Я думал: ладно, я исказил, недооценил, переоценил, извратил, но каково бедному моему директору! Ведь это грехопадение сотрудника его Института, порочная статья опубликована в органе Института всеобщей истории. Самое мудрое, что мог предложить административный ум, — попытаться спустить это на тормозах, отчитаться наверх, что меры приняты, и вместе с тем не устраивать лишнего шума. Так оно и произошло. Коллеги, желавшие меня выгородить, один за другим говорили: да, в этом сборнике № 37 есть интересные материалы, но некоторые содержат не совсем, может быть, верные утверждения. Вот, в частности, у Арона Яковлевича, по — видимому, преувеличена роль католической церкви. Я сижу и думаю: каким прибором вы измерили эту роль, почему вы знаете, что я ее преувеличил? А может быть, я ее как раз преуменьшил, поскольку еще недостаточно знаю историю католической церкви.
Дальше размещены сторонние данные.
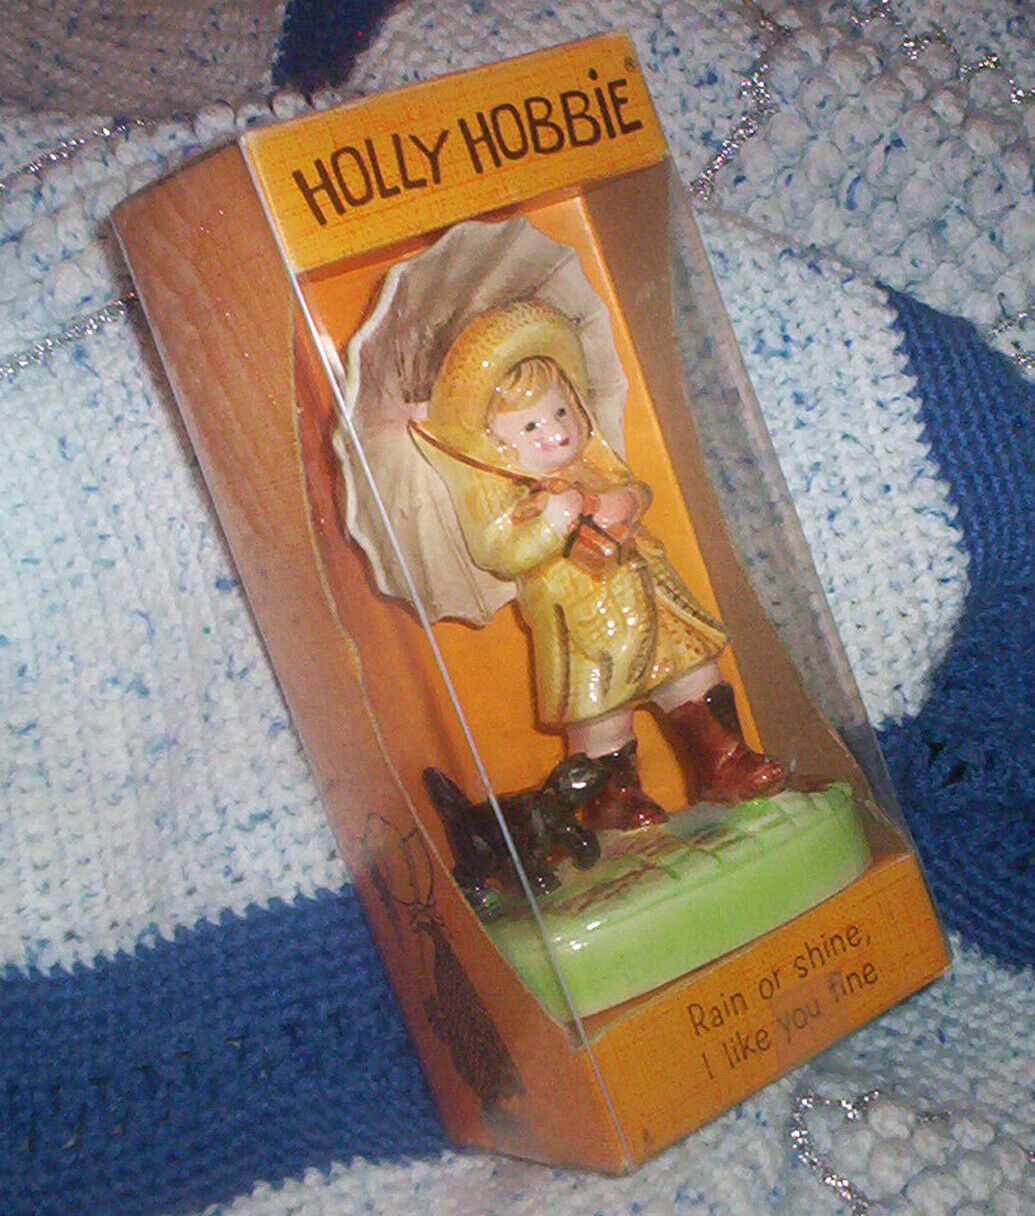 Vintage Holly Hobbie Figurine - Rain or Shine, I Like You Fine Figurine w Box

Затем говорят: в некоторых других статьях есть неточные формулировки. И вдруг я слышу, протираю уши: и у А. Н. Чистозвонова в его статье тоже что‑то не так. Ну, ребята, как говорил в известном анекдоте директор бани, ставший директором театра: «Иде я нахожуся?» Наконец, ясность вносит А. Н. Чистозвонов, который этих экивоков не понял: «Зачем мы притворяемся? Мы проводим обсуждение статьи Гуревича, причем не по своей воле, а потому, что дано соответствующее указание, и мы его выполняем». И нечего растворять по дозам критику, надо с Гуревичем и разбираться. Было принято соломоново решение: указать, что в статье Гуревича, содержащей интересный конкретный материал, явно преувеличена роль католической церкви.
На этом мое авторство в сборнике «Средние века» и мой роман с сектором истории Средних веков кончились навеки. Больше я там не печатался. Нужно сказать, что это был год массового исхода из сектора истории Средних веков — такой exodus. Малов ушел, Осиновский ушел, Павлова ушла, ушли еще некоторые люди, которые не хотели там работать. Почему? Не буду отвечать на этот вопрос — я в этом секторе не работал. Ни меня, ни М. А. Барга, ни Л. М. Баткина — ведь не самые уж завалящие мы были медиевисты — никогда в этот сектор и близко не подпускали. Да мы и сами туда не особенно рвались. Чувствуя себя маргиналами, мы пребывали в других подразделениях Института.
Но какую роль вообще играла Академия наук в эти годы? Ведущие наши гуманитарии — лингвисты, семиотики, литературоведы, историки, искусствоведы — вспомним хотя бы Топорова, Аверинцева, Гаспарова, Мелетинского и многих других, в том числе и историков, уже известных своими трудами, — в университетах не работали. Пожалуй, было только одно исключение — Ю. М. Лотман в Тартуском университете. Так ведь это не в Москве, а в Тарту, на периферии. Еще Вяч. Вс. Иванов работал в МГУ, но в 1960 году, когда он вступился за Б. Л. Пастернака, его, совсем молодого человека, вышвырнули из университета.
Все мы оказались в академических институтах, кропали свои сочинения, это нам разрешалось. Многие это рассматривали как привилегию — тебя не трогают, за казенное жалованье сидишь и занимаешься своим делом, время от времени выполняешь плановую работу. Но от преподавательской деятельности, дела благодарного, но требующего огромных усилий, нас заботливо оградили и к студентам не подпускали. Мы были изолированы от молодежи. Совместительство не поощрялось, одни лишь боссы считались незаменимыми, и их повсюду приглашали. И много лет спустя, когда совместительство было разрешено и академических специалистов можно было привлекать для преподавания, и то все мы оставались вне университетской системы, кроме вновь образованного РГГУ. Только создание кафедры теории и истории мировой культуры на философском факультете МГУ изменило положение.
В начале 70–х годов мы ощущали все возраставший нажим сил, которые мешали свободному развитию мысли. Требовались историки, которые не думают. А когда появлялись какие‑то группы думающих гуманитариев, то, естественно, с ними старались расправиться. Мы пытались сопротивляться.